If your company feels like it’s stuck in a death spiral, it’s not just bad luck or a rough market. It’s a leadership problem, a culture problem, and a strategy problem—all rolled into one ugly mess. But you can’t fix it without knowing exactly where the rot is.


Here’s your no-BS guide to analyzing an organization that’s in dire need of change—and fast.


1. Conduct a Reality Check: Stop Believing the PR Bullsh*t


Start with the raw truth: What’s REALLY happening on the ground? Not what the execs say. Not the fancy mission statement plastered in the lobby. Talk to people in the trenches. Frontline employees. Middle managers. Customers.


You need unfiltered, boots-on-the-ground feedback about what’s broken. Don’t sugarcoat it. Ask hard questions like:

• “What’s the most frustrating part of your job?”

• “What leadership behavior is holding the company back?”

• “What would make you quit tomorrow?”


The Goal: Rip off the Band-Aid and expose the wounds.


2. Audit Leadership: Find the Weak Links


Transformation begins (or fails) at the top. Analyze your leadership team with a critical eye. Are they inspiring action or just talking a good game? Are they visible, authentic, and accountable—or hiding behind boardroom doors?


Look for these red flags:

• Leaders who micromanage instead of empowering.

• Decision paralysis.

• “Do as I say, not as I do” behavior.


The Goal: Identify who’s driving the ship and who’s just dead weight. If someone’s leadership is more toxic than transformative, it’s time for them to go.


Dean Palmiere | Transformation
Dean Palmiere | Transformation

3. Diagnose the Culture: Toxic or Just Broken?


Culture eats strategy for breakfast—but only if it’s healthy. If your culture is toxic, no strategy on earth will save you.


Look for symptoms of toxicity:

• Cliques, silos, and “us vs. them” mindsets.

• High turnover in key departments.

• Employees disengaged, clocking in but mentally checked out.


But toxicity isn’t always the issue. Sometimes, the culture is just neglected or misaligned with the company’s goals. Either way, you’ve got to dig deep to figure out what’s causing the disconnect.


The Goal: Define the cultural behaviors you need to move forward—and root out the ones that are holding you back.

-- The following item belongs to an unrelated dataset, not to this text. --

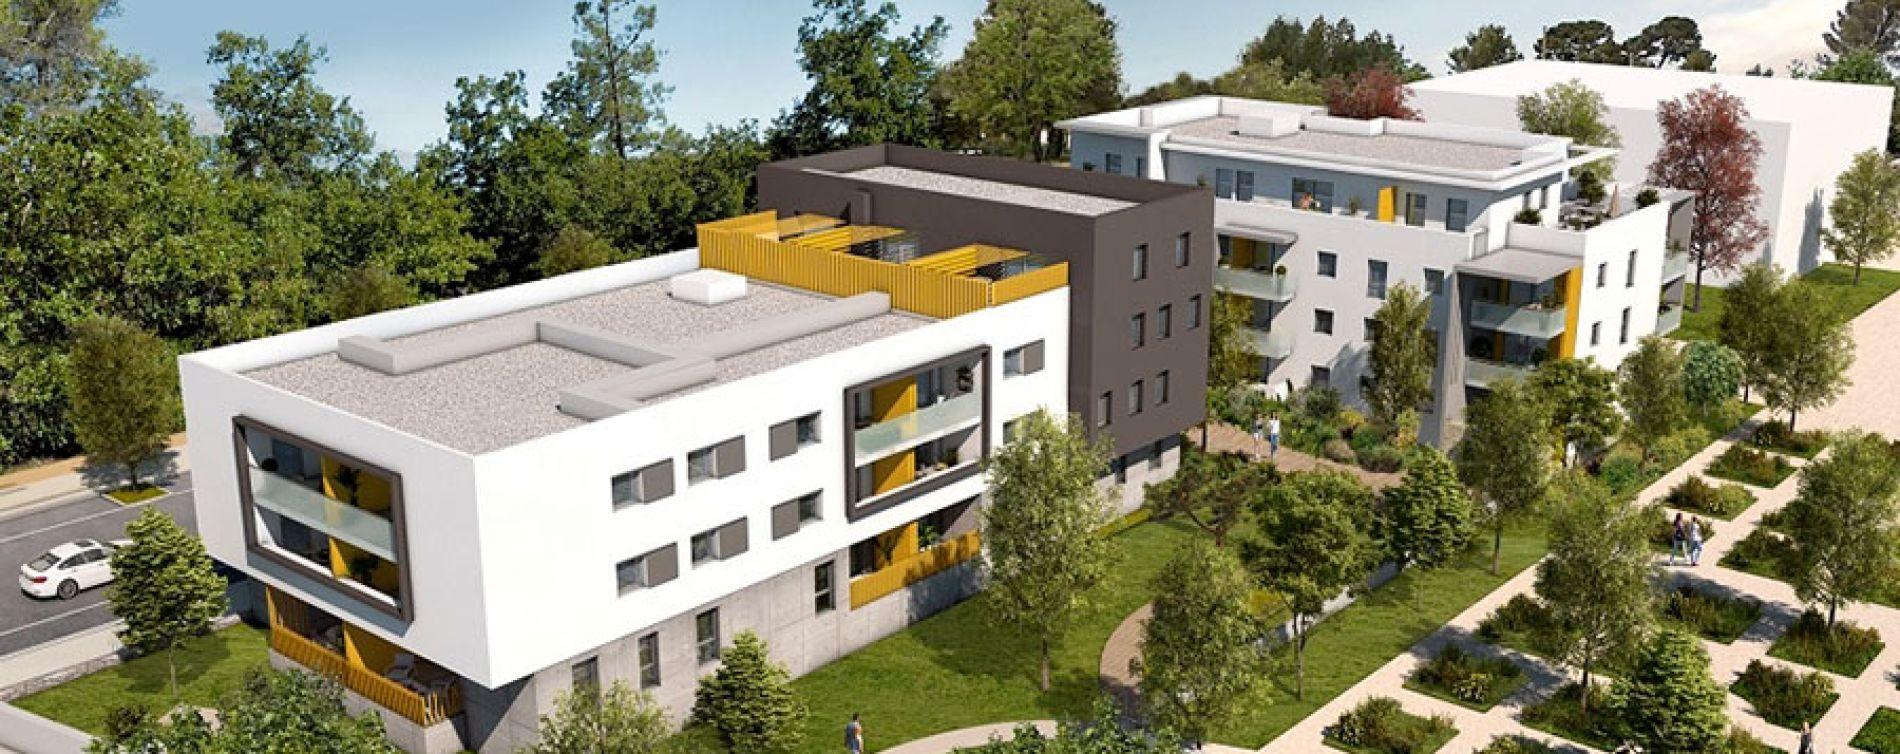 Résidence Cista Nova à Montpellier

4. Analyze Transformation Readiness: Can This Team Even Handle Change?


Change isn’t just about good ideas—it’s about execution. If your company has failed at transformation before, find out why.


Ask:

• Are people resistant to change, or just sick of constant pivots with no results?

• Does the company have the right tools, systems, and skills to adapt?

• Are leaders driving change, or are they the biggest obstacles?


The Goal: Understand what’s blocking real progress—and make a plan to bulldoze it.


5. Follow the Money: How is the Pain Point Impacting the Bottom Line?


This is where you connect the dots. Culture, transformation, and leadership issues aren’t just HR headaches—they’re costing you real money. High turnover, missed opportunities, inefficiency—it all adds up.


Crunch the numbers:

• What’s the financial impact of employee disengagement?

• How much are leadership failures slowing down decision-making?

• What’s the cost of missed innovation opportunities?


The Goal: Build a business case for urgent change. When you can tie these issues to dollars, you’ll get buy-in faster.


The Bottom Line


Analyzing a broken company isn’t about pointing fingers—it’s about exposing the raw truth, no matter how uncomfortable. Culture change, transformation, and leadership shifts aren’t easy, but they’re mandatory if you want to survive and thrive.


So rip off the Band-Aid, dig into the mess, and start fixing what’s broken. Because if you don’t, someone else will—and they’ll take your customers, your talent, and your market share while you’re still sitting in meetings, “strategizing.”